Via Dolorosa in Jerusalem


Christians trace from this point the Via Dolorosa (The Way of Sorrows) that Jesus followed during his last hours, from his condemnation by Pilate to his crucifixion and burial. The “Stations of the Cross” are rehearsed by Christian pilgrims throughout the city, especially during Passion Week.
It is unlikely that all these specific locations were along the actual footsteps of Jesus, as these streets were not built until a few centuries ago and, in most places, due to soil accretion, are several dozen feet above where the city of 2,000 years ago would have been. Nevertheless, some of the locations are authentic.
Antonia Fortress, the First Station of the Cross


According to tradition, the first Station of the Cross is the Antonia, the Roman fortress (named for Herod the Great‘s patron Mark Antony) directly adjacent to the corner of the Temple where Roman soldiers would have been stationed for mobilization to keep the peace.
Here is located the Ecce Homo Basilica, a beautiful little church of the Sisters of Zion convent. The name represents the praetorium, where Pilate condemned Jesus with the Latin words “Ecce Homo,” Behold the man.

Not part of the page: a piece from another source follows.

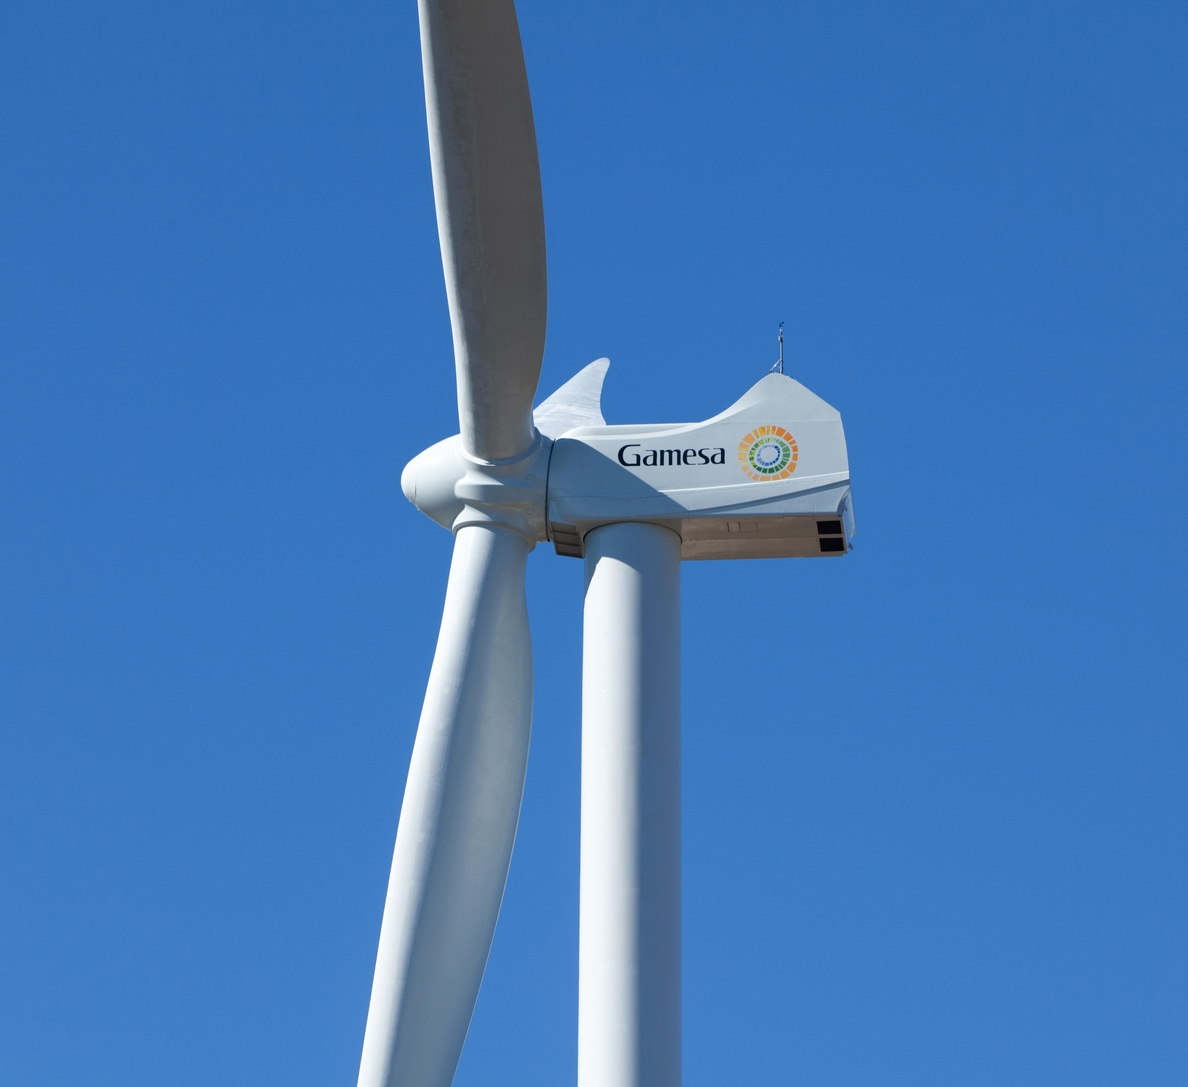 Gamesa suministrará 96 aerogeneradores a ScottishPower, filial británica de Iberdrola

While the Antonia is authentic to Roman history, some historians believe that Pilate would have actually taken up residence across town at the somewhat more hospitable old Herodian Palace elsewhere in the city and not used to barracks, as his wife was with him during this visit to Jerusalem during Passover. My article on Pontius Pilate follows that logic.
Church of the Holy Sepulcher, the Last Stations of the Cross


The end of the Via Dolorosa is the Church of the Holy Sepulcher, where many believe Jesus was crucified, buried, and resurrected. The crucifixion was at Calvary, also known as Golgotha, the “place of the skull.” Different Christian churches sponsor each of the Stations of the Cross there. One where Jesus was nailed to the cross, another sponsored by the Greek Orthodox Church where the cross stood.
Another station was sponsored by the Roman Catholic church, where Mary received the dead body of her son from the cross. And a fabulous Russian Orthodox chapel where Jesus’ tomb lies. The entrance is low, and one must bow to enter. There is a long line and many deeply reverent supplicants. I reflected that Jesus would have lain here for only about 40 hours.
Garden Tomb, Anglican site


Anglicans, however, believe that the tomb was elsewhere. The Garden Tomb is a competing location just north and outside the (Turkish) city walls. Anglicans reason that Jews don’t bury inside the city walls; hence he could not have been buried at the Church of the Holy Sepulcher.
To that point, during my visit to the Calvary Station of the Cross in the Church of the Holy Sepulcher, I asked a Greek Orthodox cleric about this, and he snorted that, of course, his location there was authentic. In Jesus’ time, the Church of the Holy Sepulcher was outside the Jewish city walls. The Turkish walls were built centuries later, and besides, the remains of other crucified people had recently been found inside the precincts.
Realistically, the Garden Tomb “looks” right; the hill behind it is shaped like a skull. Ironically, I could not get in, it being Sunday. However, I found my way around the back way, upon the hill, which is now an Islamic cemetery. This stands behind the bus station where, seven days after my visit, a bus bomb killed ten and injured 20.